__What you have to do__. Retype only the lines below from the one with "LANGUAGE TO GO ELEMENTARY CLASS CD (1)" to the one with "Feeling very privileged", inclusive, skipping every image.
--- Data extracts Enclosed Below ---
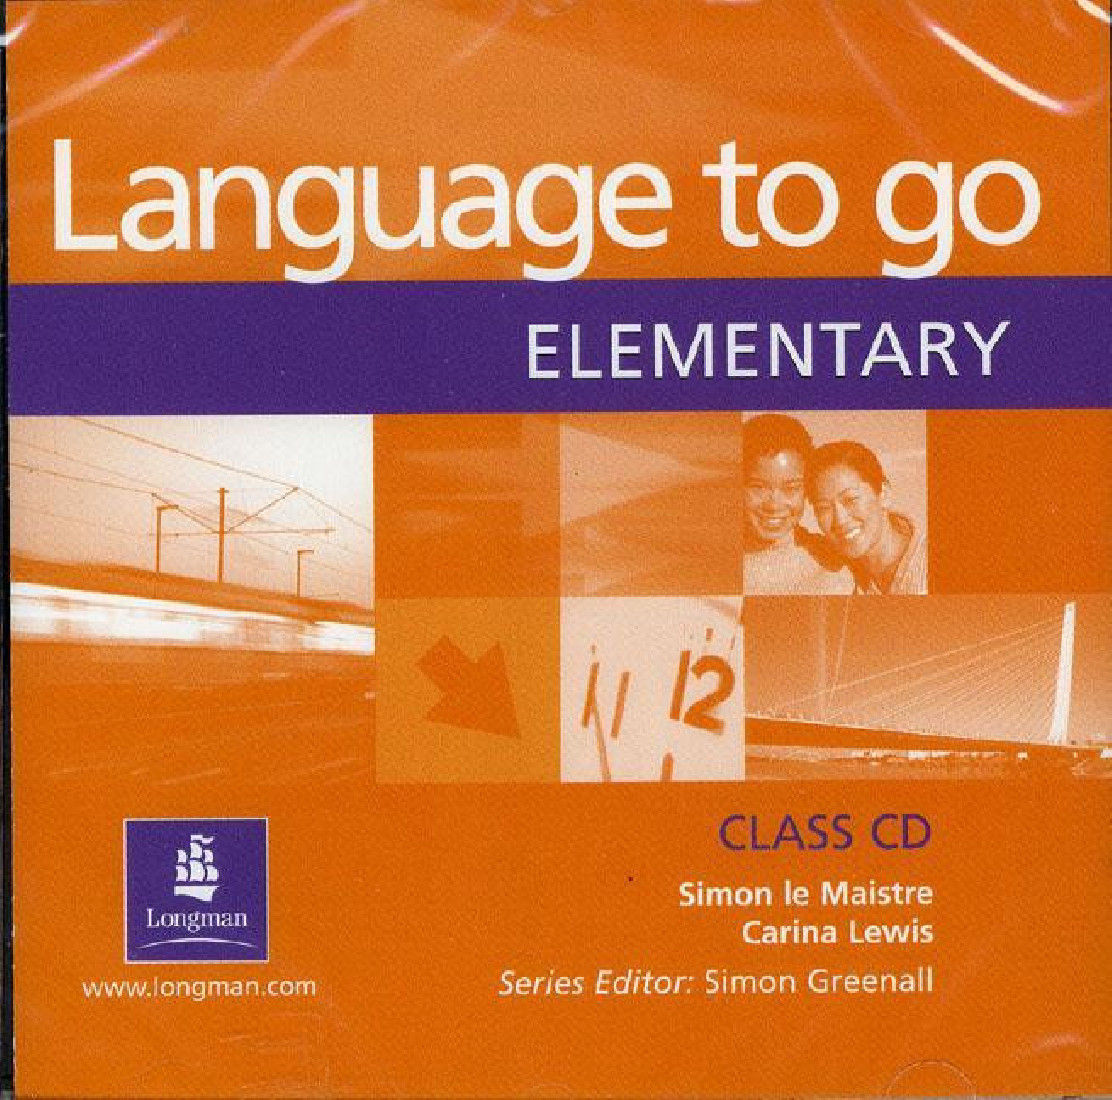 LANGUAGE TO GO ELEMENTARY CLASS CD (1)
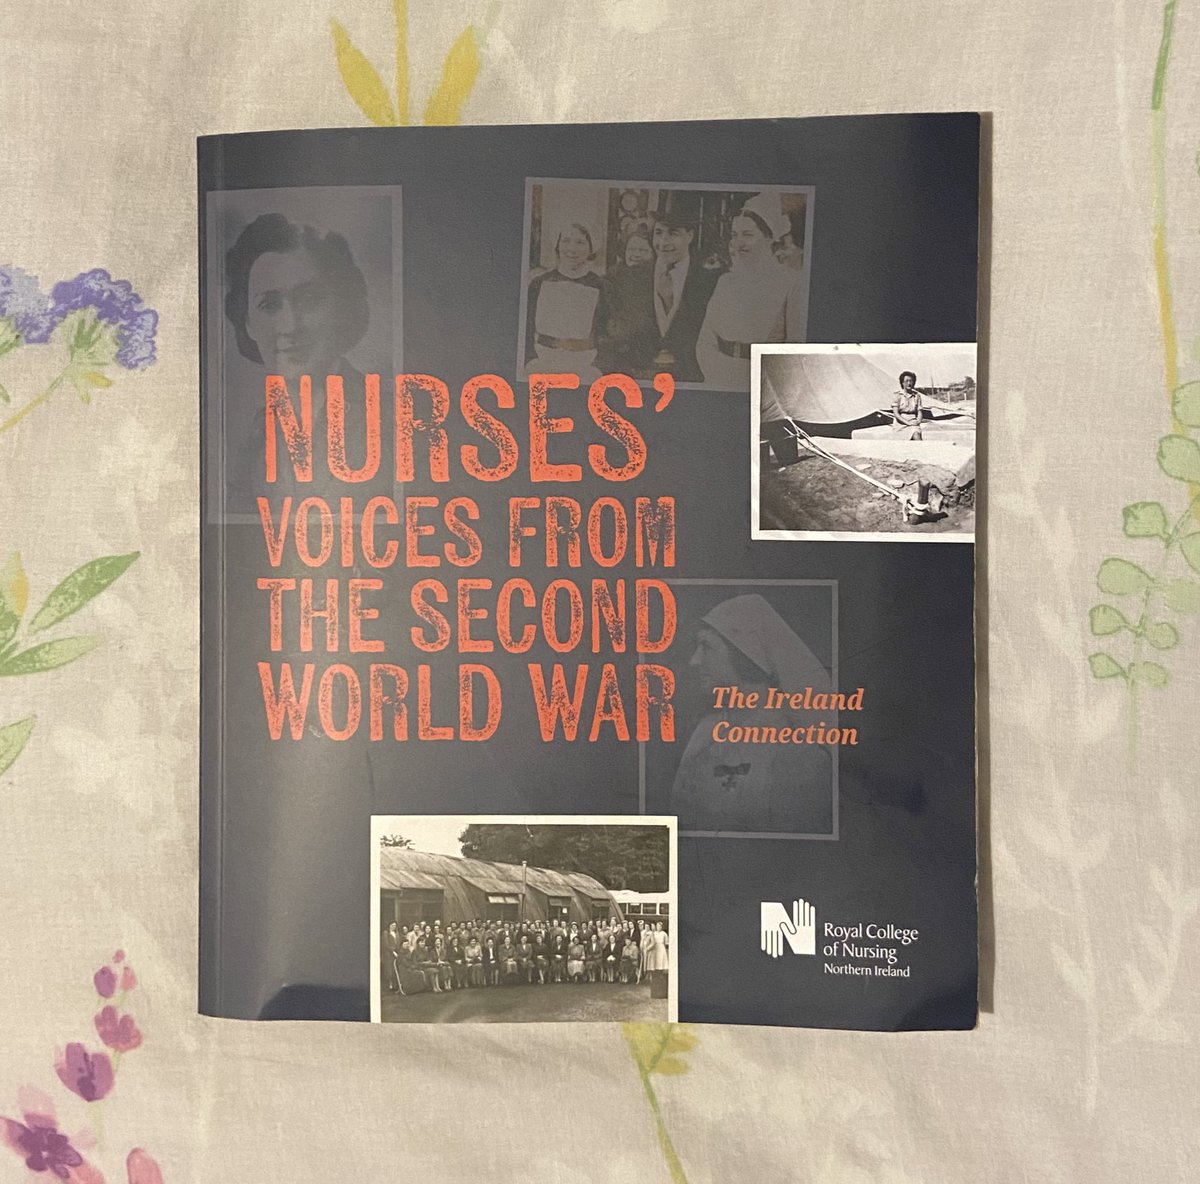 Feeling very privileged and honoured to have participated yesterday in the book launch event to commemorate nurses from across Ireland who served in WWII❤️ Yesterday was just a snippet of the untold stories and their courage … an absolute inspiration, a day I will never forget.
--- End of Enclosed Data extracts ---
--- Data extracts Enclosed Below ---
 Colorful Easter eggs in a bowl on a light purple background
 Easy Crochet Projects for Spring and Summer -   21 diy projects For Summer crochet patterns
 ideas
--- End of Enclosed Data extracts ---
__Task solution__.
 LANGUAGE TO GO ELEMENTARY CLASS CD (1)
 Feeling very privileged and honoured to have participated yesterday in the book launch event to commemorate nurses from across Ireland who served in WWII❤️ Yesterday was just a snippet of the untold stories and their courage … an absolute inspiration, a day I will never forget.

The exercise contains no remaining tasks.